The trace mineral manganese is essential for the synthesis of superoxide dismutase (SOD), an antioxidant that plays an important defensive role in all cells exposed to oxygen. Oxygen induces reactive oxygen species (ROS’s), which are free radicals that destroy cells and tissues. Also essential for SOD synthesis are the minerals zinc and copper.
Much has been written regarding mineral deficiencies. A lot of this can be attributed to soil depletion due to large-scale commercial farming practices. Other causes of mineral deficiencies may be due to poor organ and glandular functions, toxicity, the interference of certain medications and poor dietary habits.
Magnesium deficiency is considered to be an epidemic by many. This may be due to depleted soil magnesium levels, as well as the long term use of certain medications such as PPI’s (proton pump inhibitors). PPI’s have shown in several studies to reduce and significantly inhibit the assimilation of magnesium and iron due to the inhibiting effect PPI’s have on stomach acid (HCL) production.
Several minerals are particularly dependent upon sufficient levels of HCL: calcium, magnesium, iron, zinc, chromium. Hypochlorhydria is a condition where there are chronically low levels of stomach acid. Due to the essential roles magnesium and calcium play in bone and skeletal health, hypochlorhydria and longterm PPI use is strongly associated with the development of osteoporosis.
Diets that are deficient in essential minerals will quite easily result in systemic mineral deficiencies. If an individual has digestion and assimilative dysfunction due to mucosal barrier breakdown, or villus atrophy, this could also lead to a deficiency of certain minerals.
Food Sources Of Minerals
It is known that organically grown vegetables have a higher concentration of minerals and trace minerals than conventionally grown produce.
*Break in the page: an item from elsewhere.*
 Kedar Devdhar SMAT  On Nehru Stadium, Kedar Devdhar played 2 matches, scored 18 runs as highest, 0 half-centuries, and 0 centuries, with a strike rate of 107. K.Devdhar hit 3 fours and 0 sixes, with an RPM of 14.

Potassium is found abundantly in virtually all plant foods, especially vegetables and fruits. Most notable sources of potassium are avocados, spinach and kiwi. Sodium and chloride are found naturally in sea salts as well as in food sources such as celery and zucchini.
Magnesium is found in many food sources such as dark green vegetables such as kale, spinach, collard greens, as well as in nuts and seeds and whole grains. Magnesium is one particular mineral that is believed to have suffered the effects of soil depletion due to industrial agricultural practices.
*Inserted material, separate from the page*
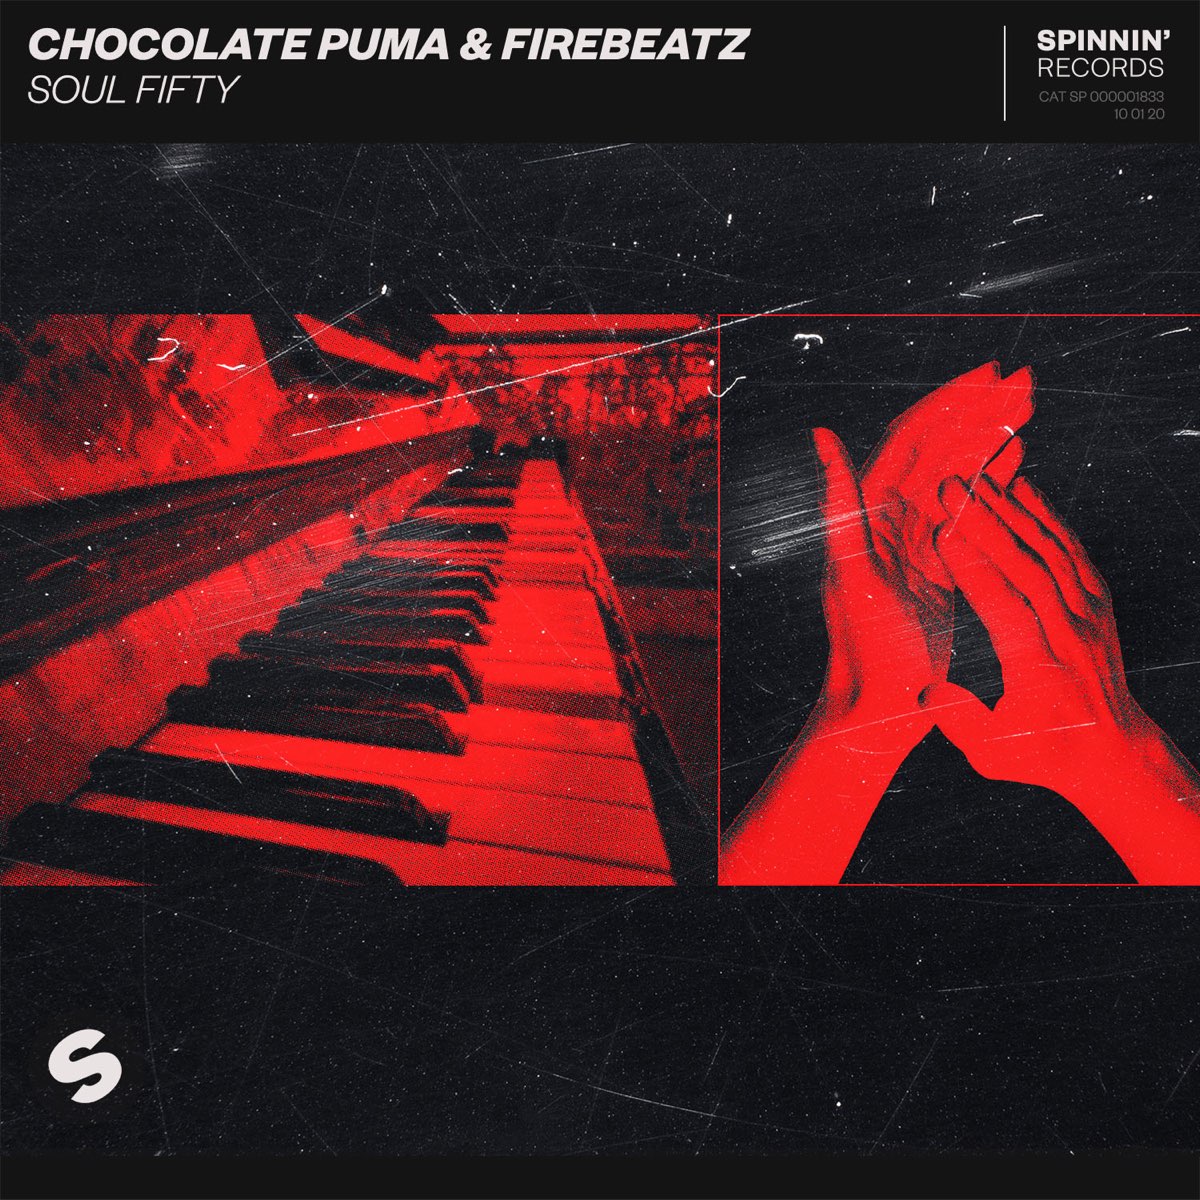 Validación temerario empeorar Soul Fifty - Single de Chocolate Puma & Firebeatz en iTunes

Calcium is found abundantly in dairy foods, especially in cheeses. Calcium is also found in very high amounts in sesame seeds, broccoli and spinach. Phosphorous is found abundantly in beef, eggs, fish and mostly in animal proteins.
Zinc is found in significant amounts in red meat, some dairy, organ meats, oysters, pumpkin seeds. Copper is found in high amounts in soybeans, legumes, fish, vegetables, liver and nuts and seeds. Selenium is found in significant amounts in Brazil nuts, oysters, tuna, mackerel, lobster, organ meats. Selenium is believed to be deficient in certain soils.
Iodine is found primarily in see vegetation such as nori, kelp and wakame, as well as in fish and seafood.
Chromium is found in egg yolk, liver, oysters, wheat germ. Manganese is found in considerable concentrations in cinnamon, clove, egg yolk, nuts and seeds and some fruits such as blueberries and avocados.